Data below:

□ □ □ □

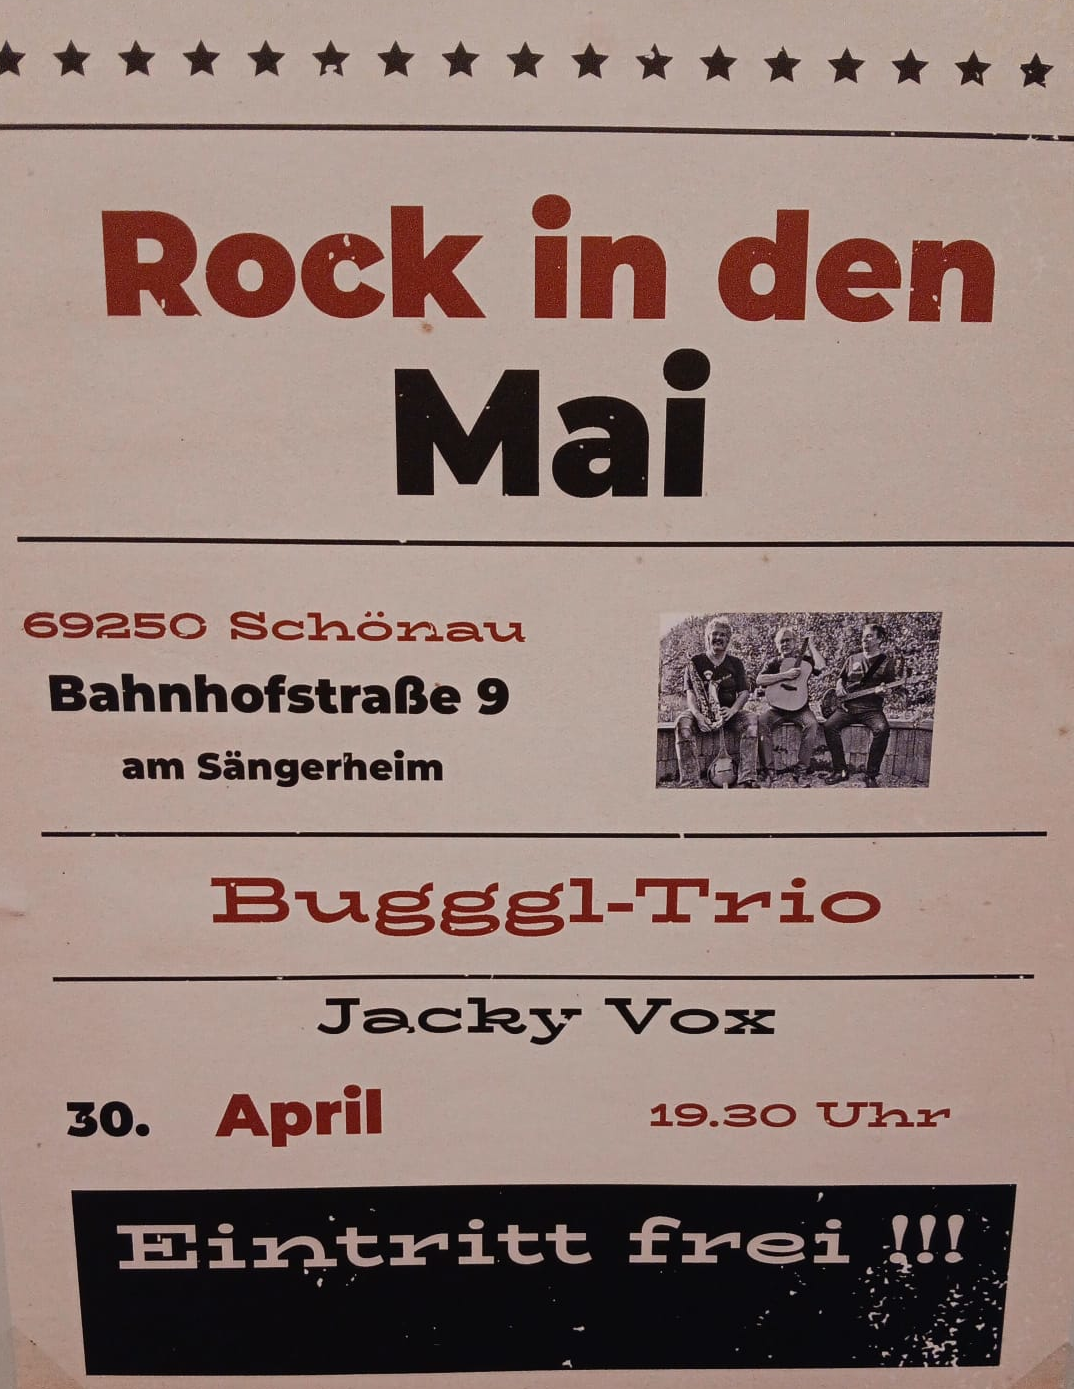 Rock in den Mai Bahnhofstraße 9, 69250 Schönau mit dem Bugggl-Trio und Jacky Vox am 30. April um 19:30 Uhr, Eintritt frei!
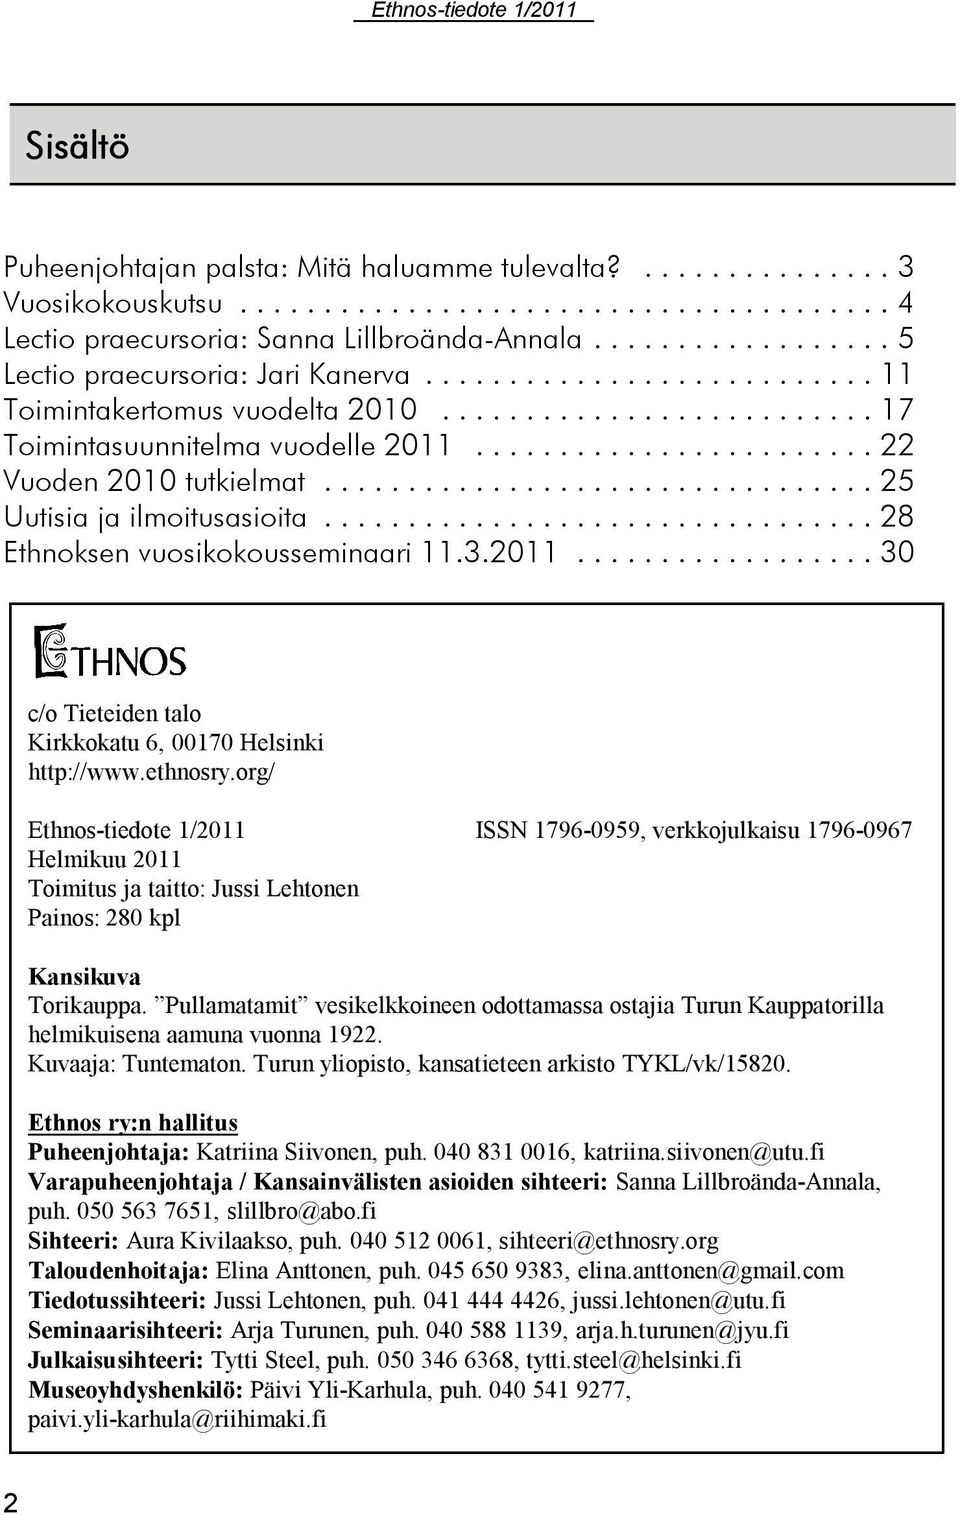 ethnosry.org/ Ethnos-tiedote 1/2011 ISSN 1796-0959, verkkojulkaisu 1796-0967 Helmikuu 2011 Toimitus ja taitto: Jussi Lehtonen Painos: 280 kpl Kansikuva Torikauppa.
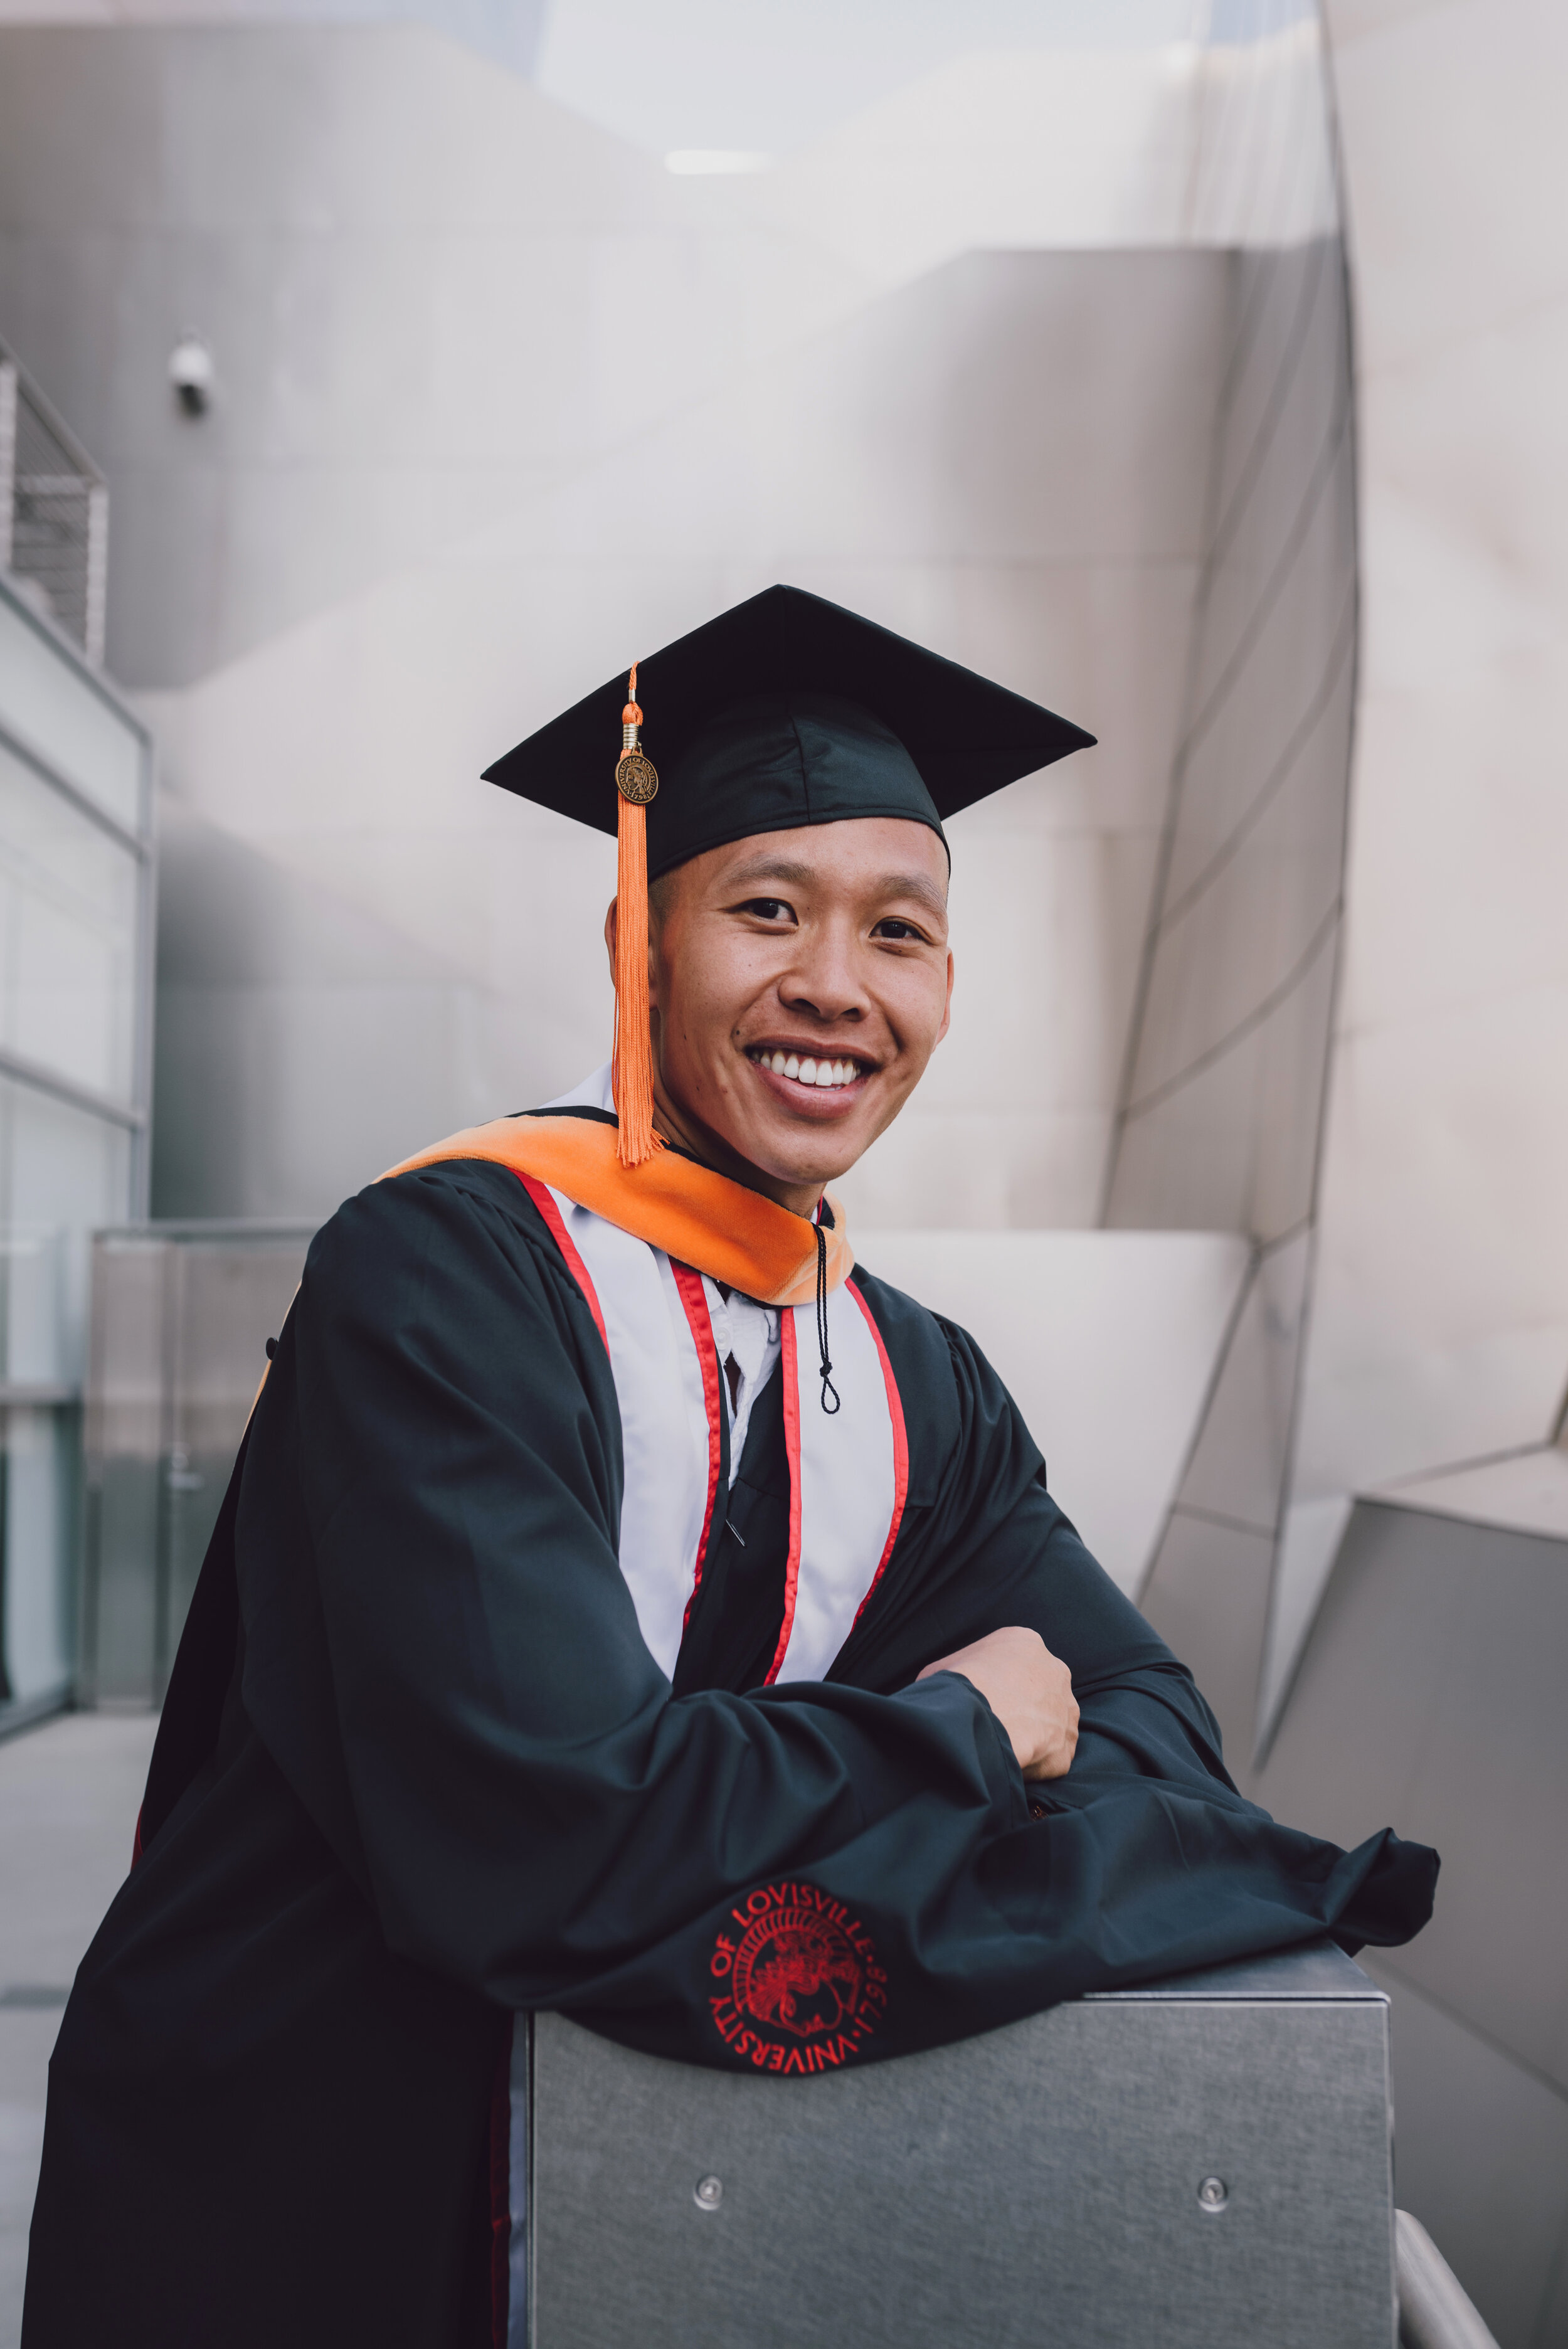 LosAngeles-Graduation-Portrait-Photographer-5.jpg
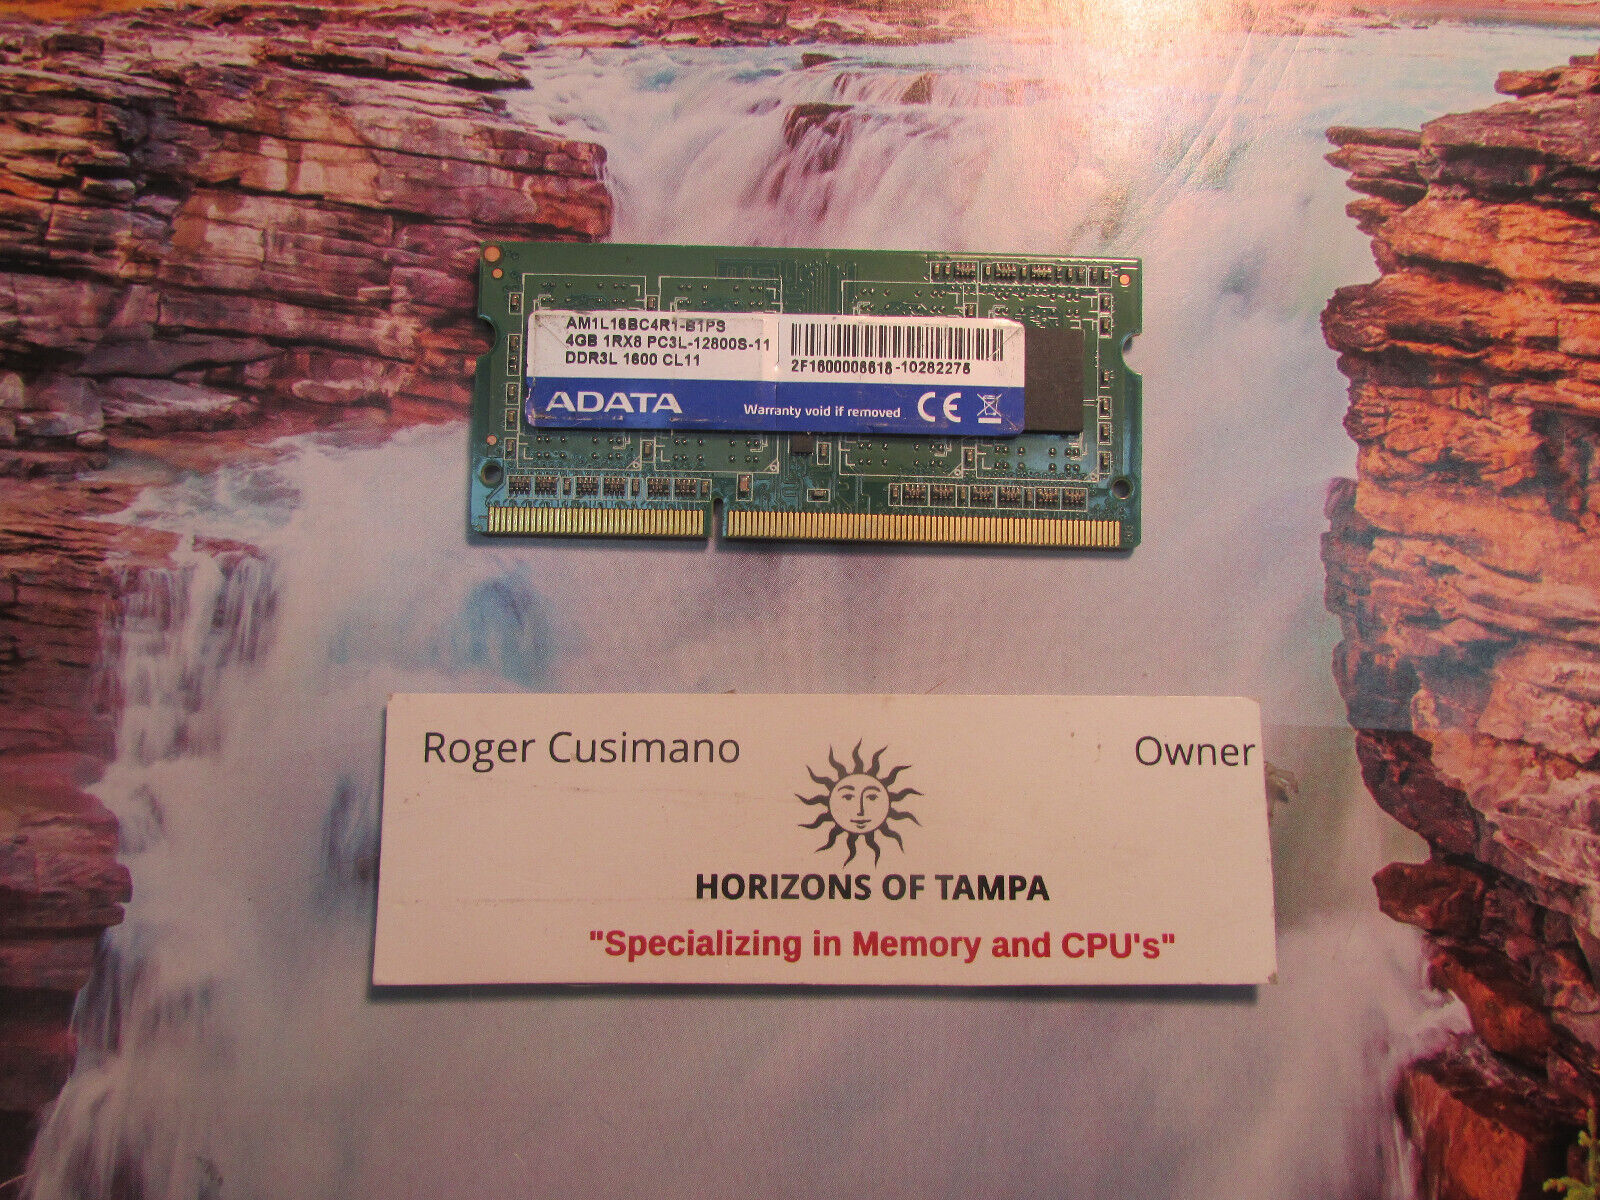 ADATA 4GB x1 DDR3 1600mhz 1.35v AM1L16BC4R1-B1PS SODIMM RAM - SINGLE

□ □ □ □

Problem details: Exactly as they appear, transcribe the lines from the top of the material above through the line with "LosAngeles-Graduation-Portrait-Photographer-5.jpg". Omit any picture.

Reply:
 Rock in den Mai Bahnhofstraße 9, 69250 Schönau mit dem Bugggl-Trio und Jacky Vox am 30. April um 19:30 Uhr, Eintritt frei!
 ethnosry.org/ Ethnos-tiedote 1/2011 ISSN 1796-0959, verkkojulkaisu 1796-0967 Helmikuu 2011 Toimitus ja taitto: Jussi Lehtonen Painos: 280 kpl Kansikuva Torikauppa.
 LosAngeles-Graduation-Portrait-Photographer-5.jpg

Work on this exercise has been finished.